The data =
↓
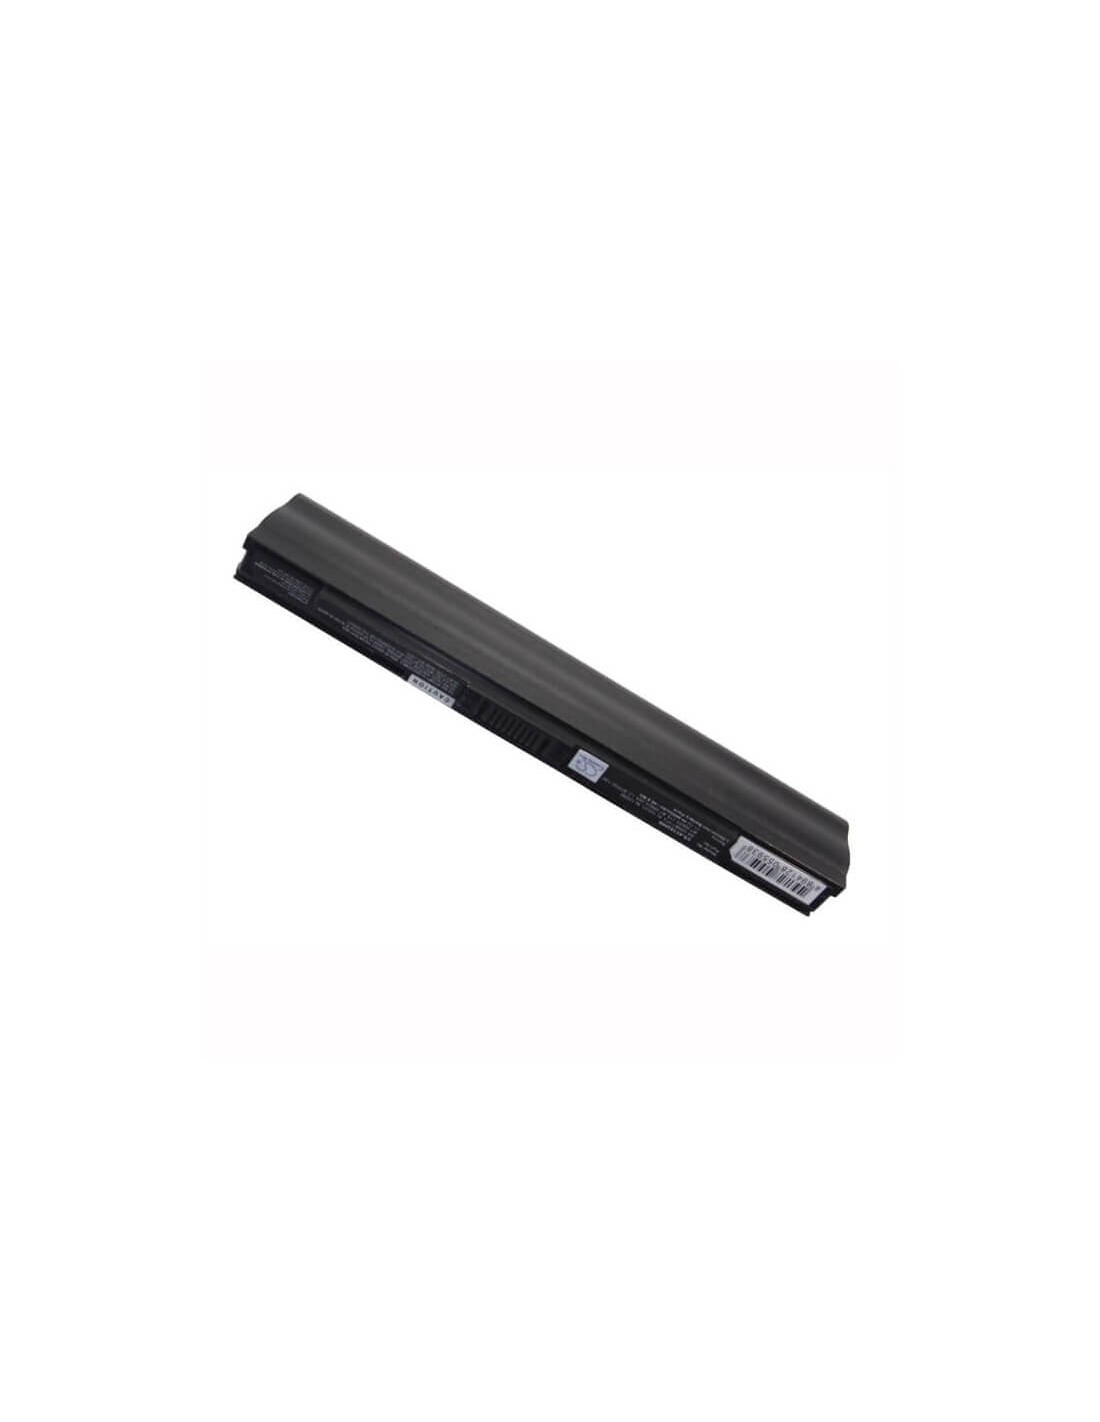 Black Battery for Acer Aspire 1430, Aspire 1430-4857, Aspire 1430-4768 11.1V, 4400mAh - 48.84Wh
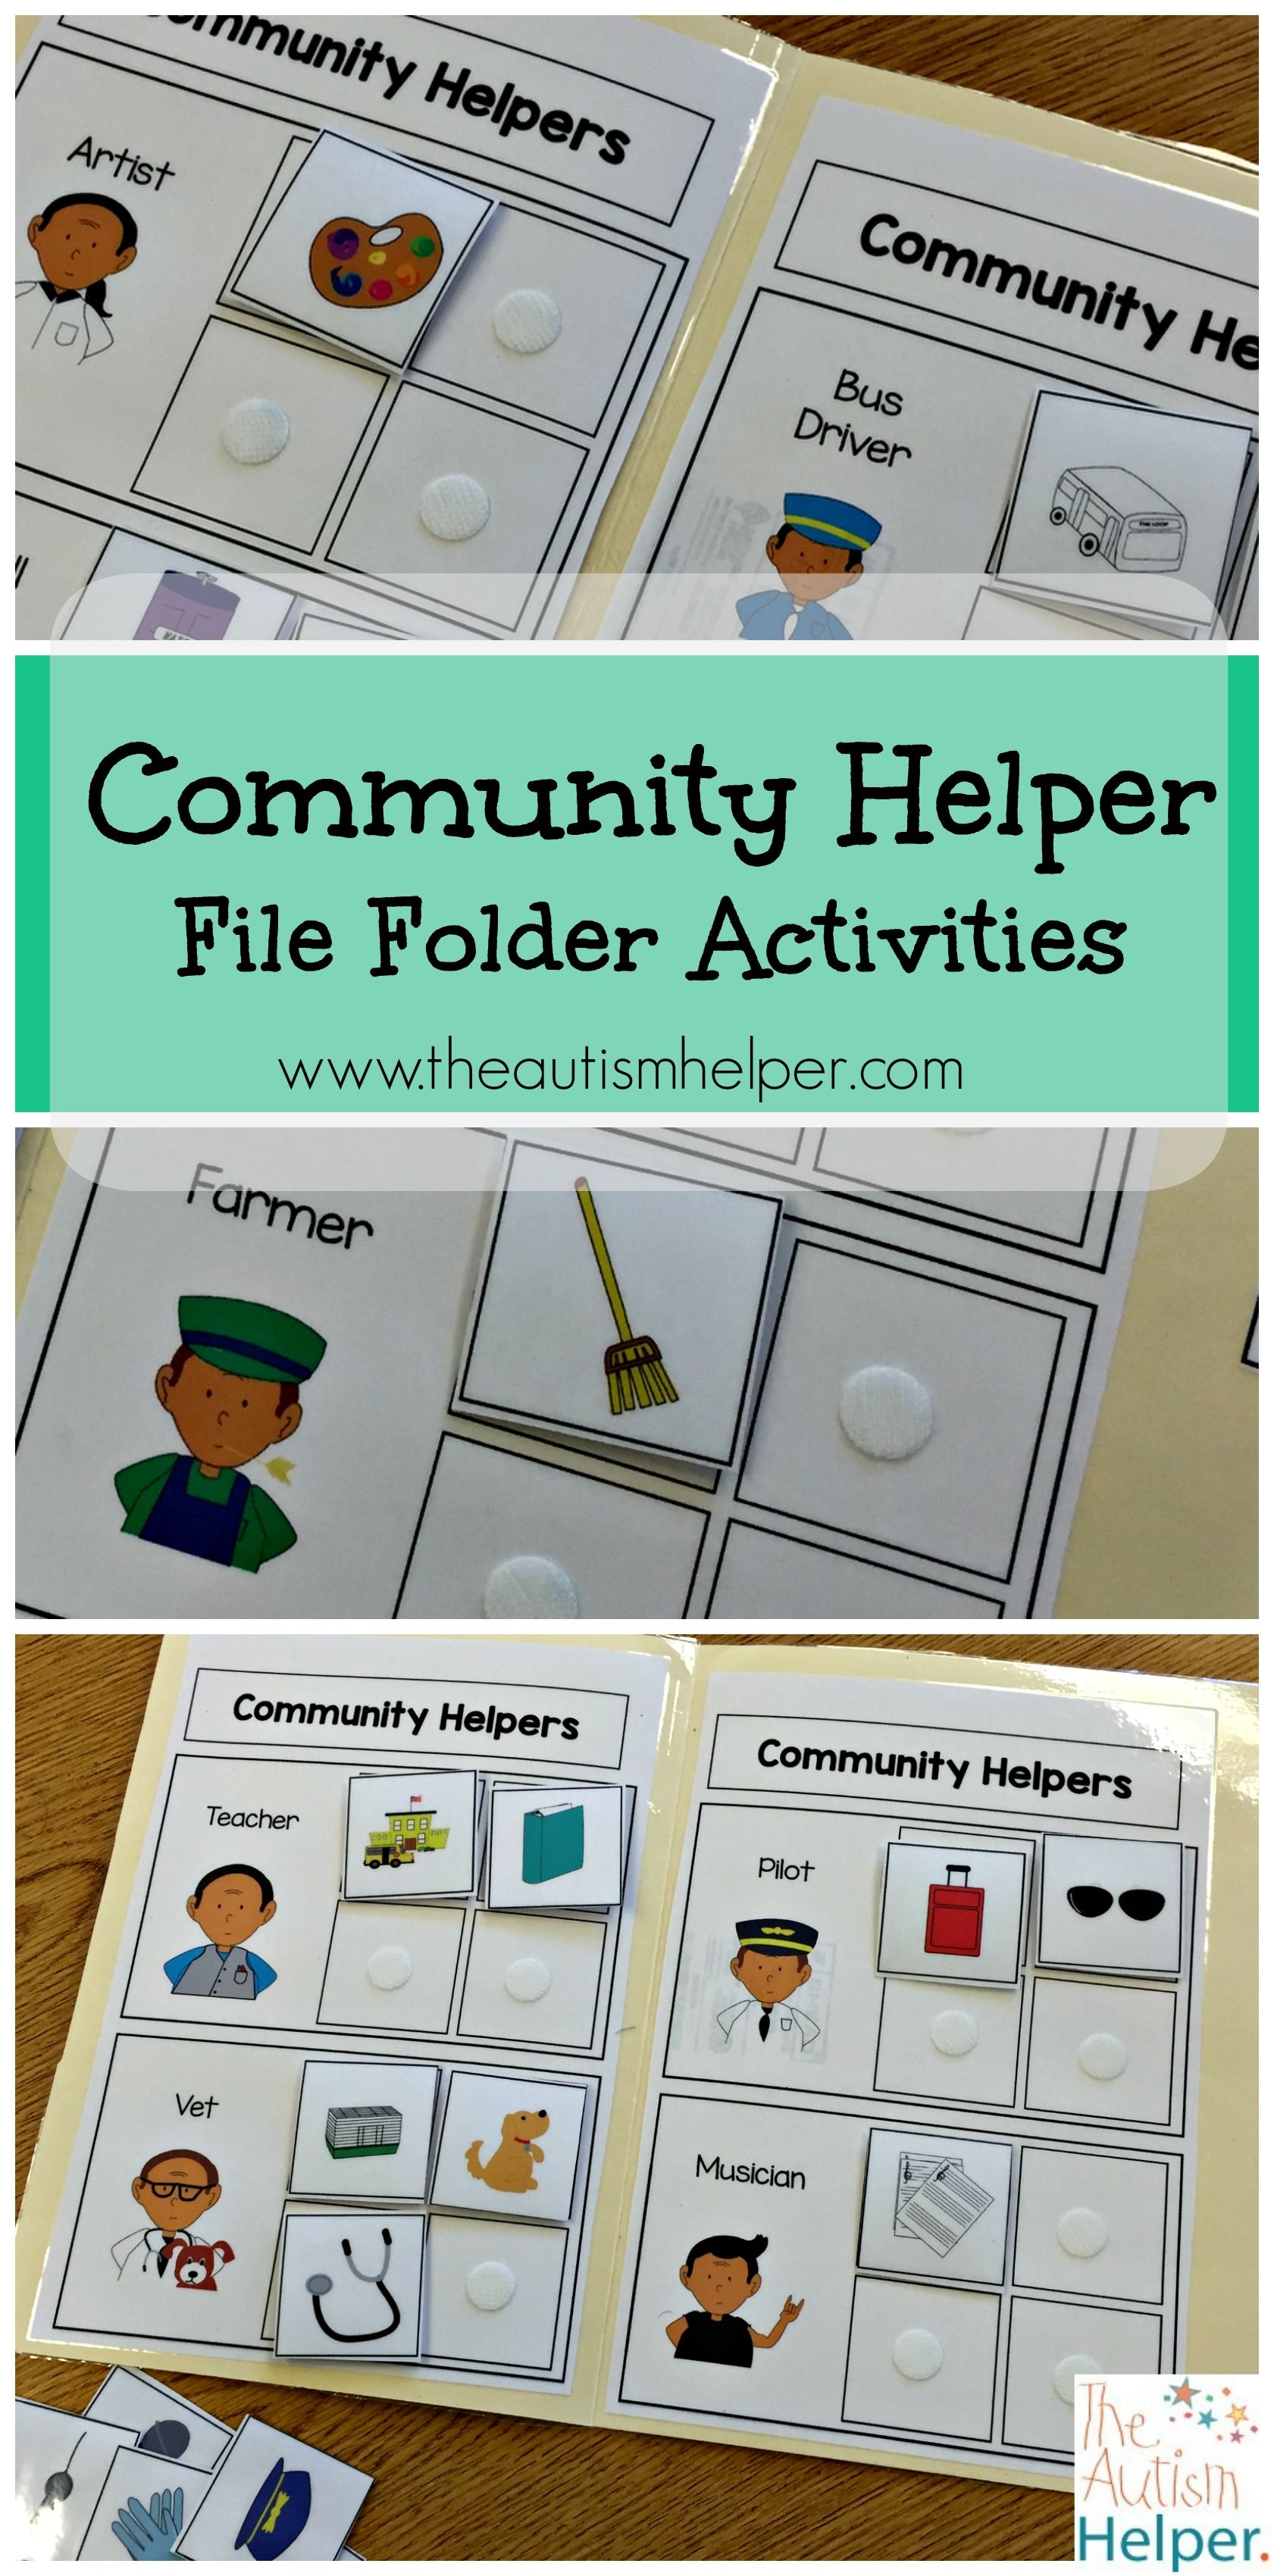 Folder clipart student activity. Community helper file activities
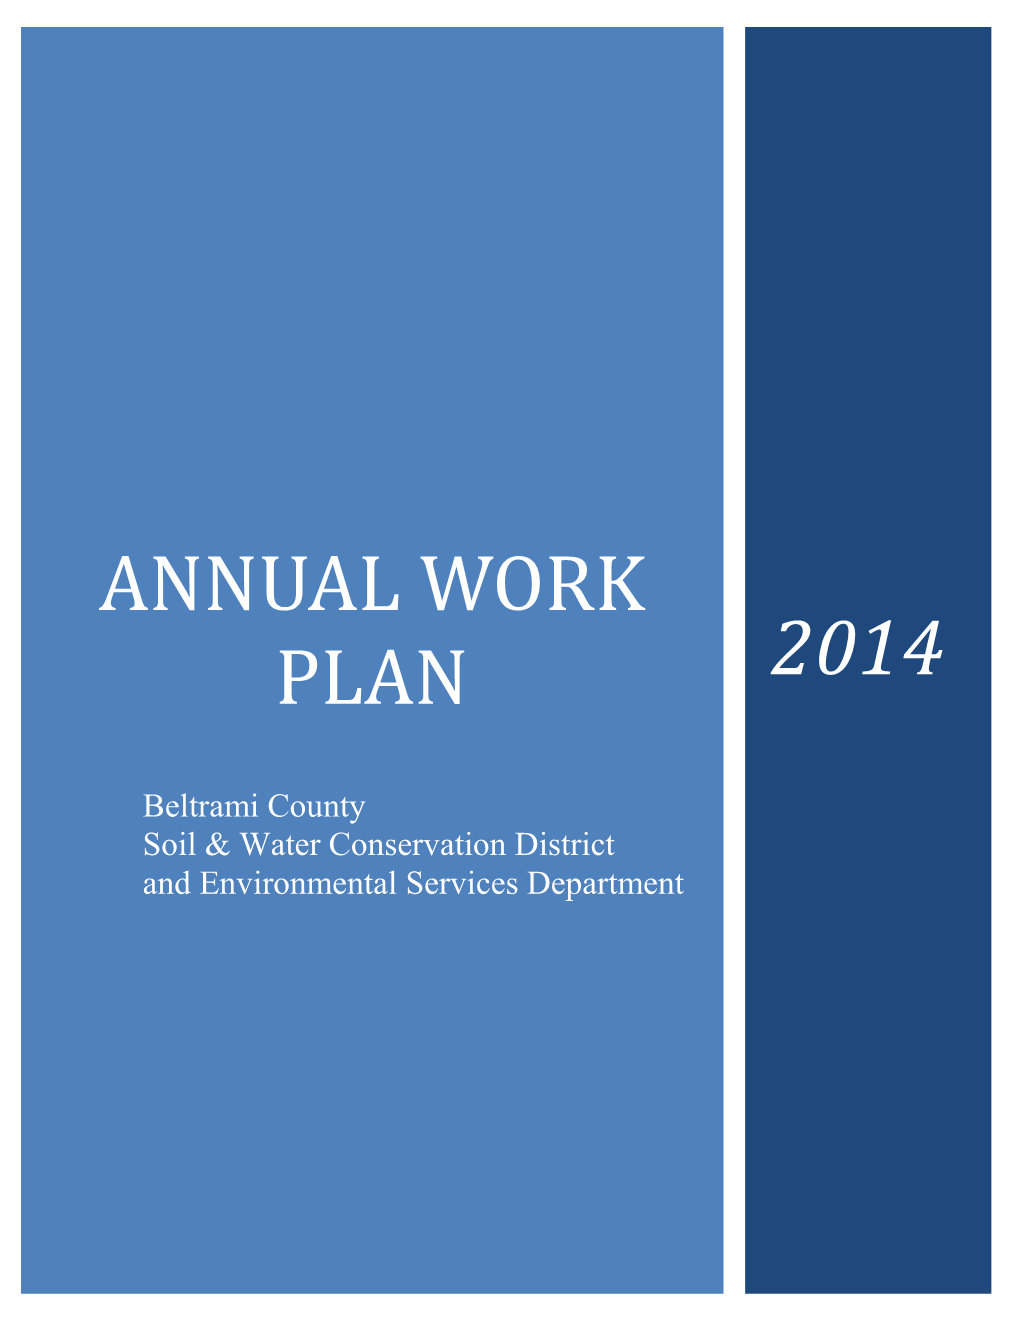 Annual Work Plan 2014
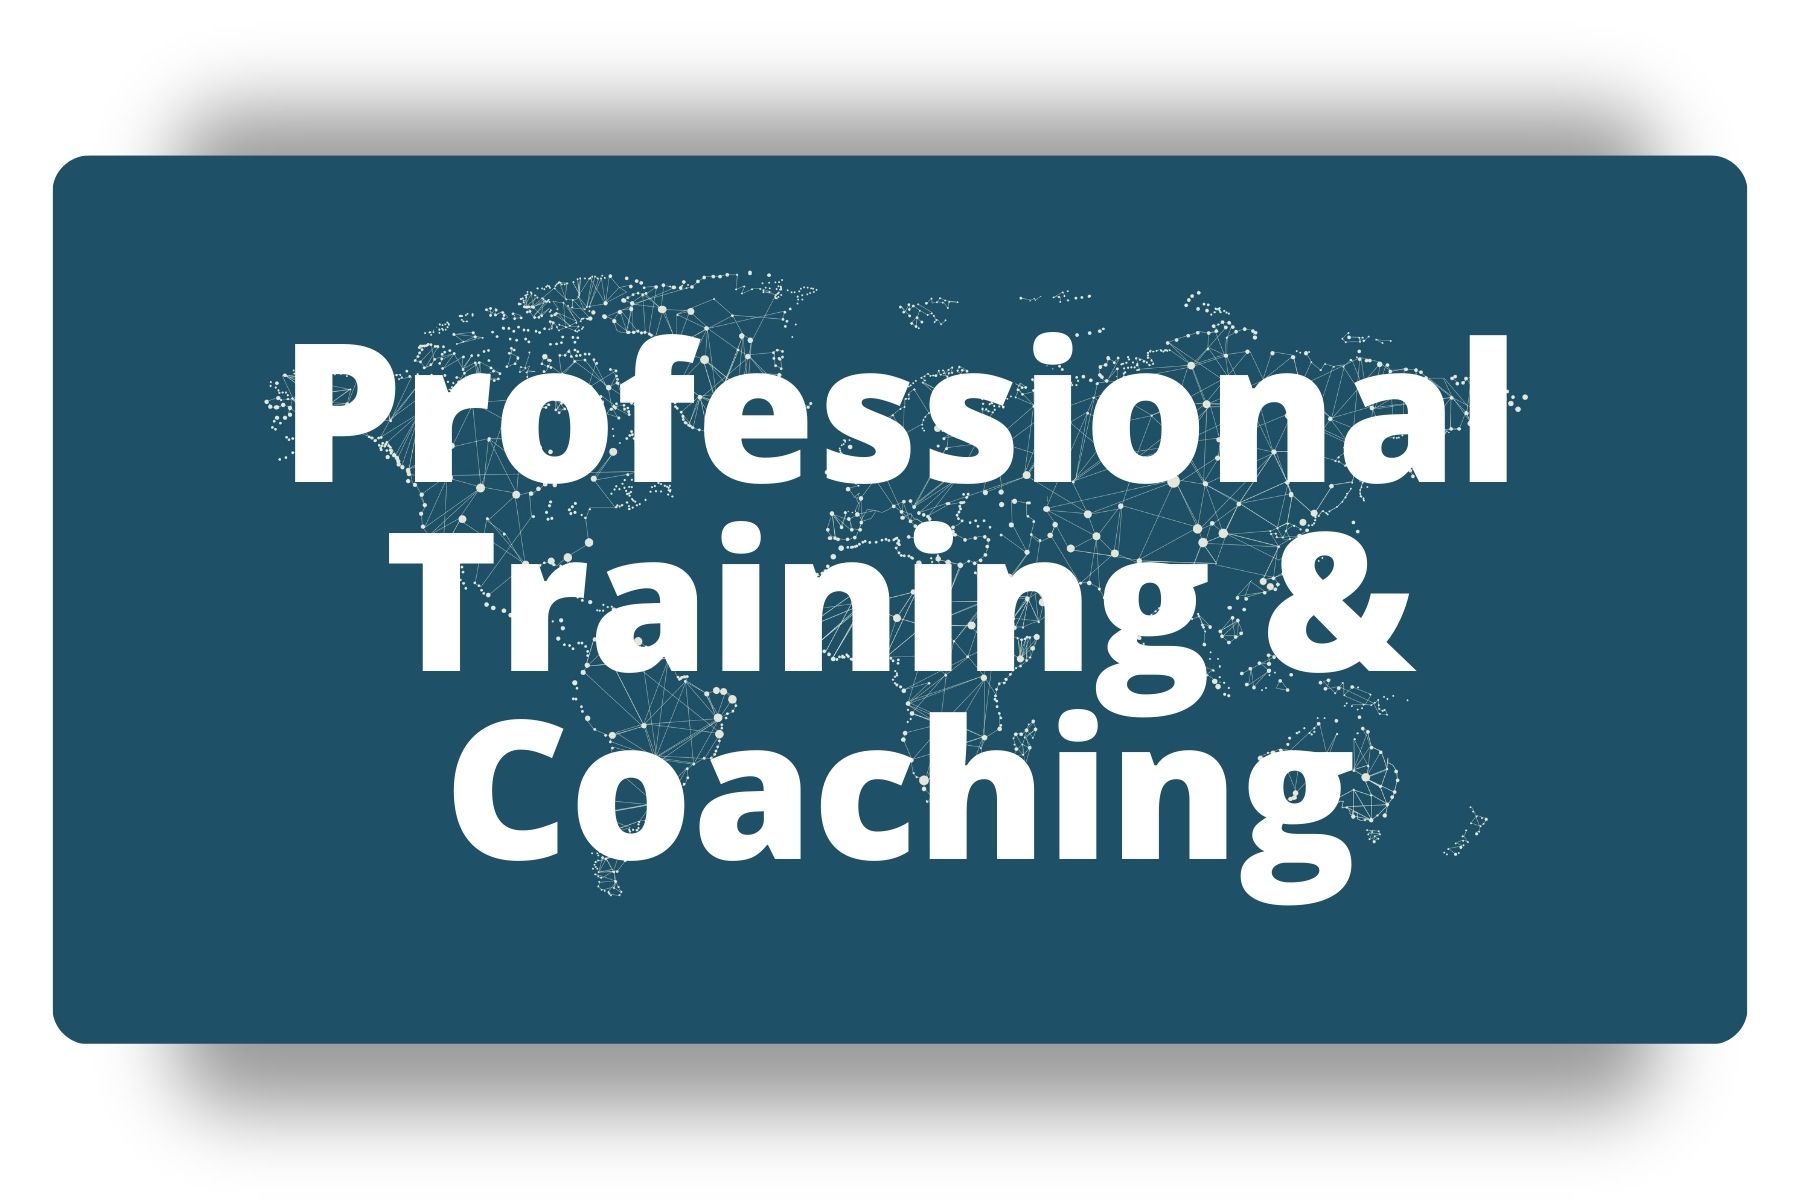 DSMN8's Professional Training & Coaching Leaderboard Hub Image
↑
With the pictures removed, set down the entire listing exactly.

 Black Battery for Acer Aspire 1430, Aspire 1430-4857, Aspire 1430-4768 11.1V, 4400mAh - 48.84Wh
 Folder clipart student activity. Community helper file activities
 Annual Work Plan 2014
 DSMN8's Professional Training & Coaching Leaderboard Hub Image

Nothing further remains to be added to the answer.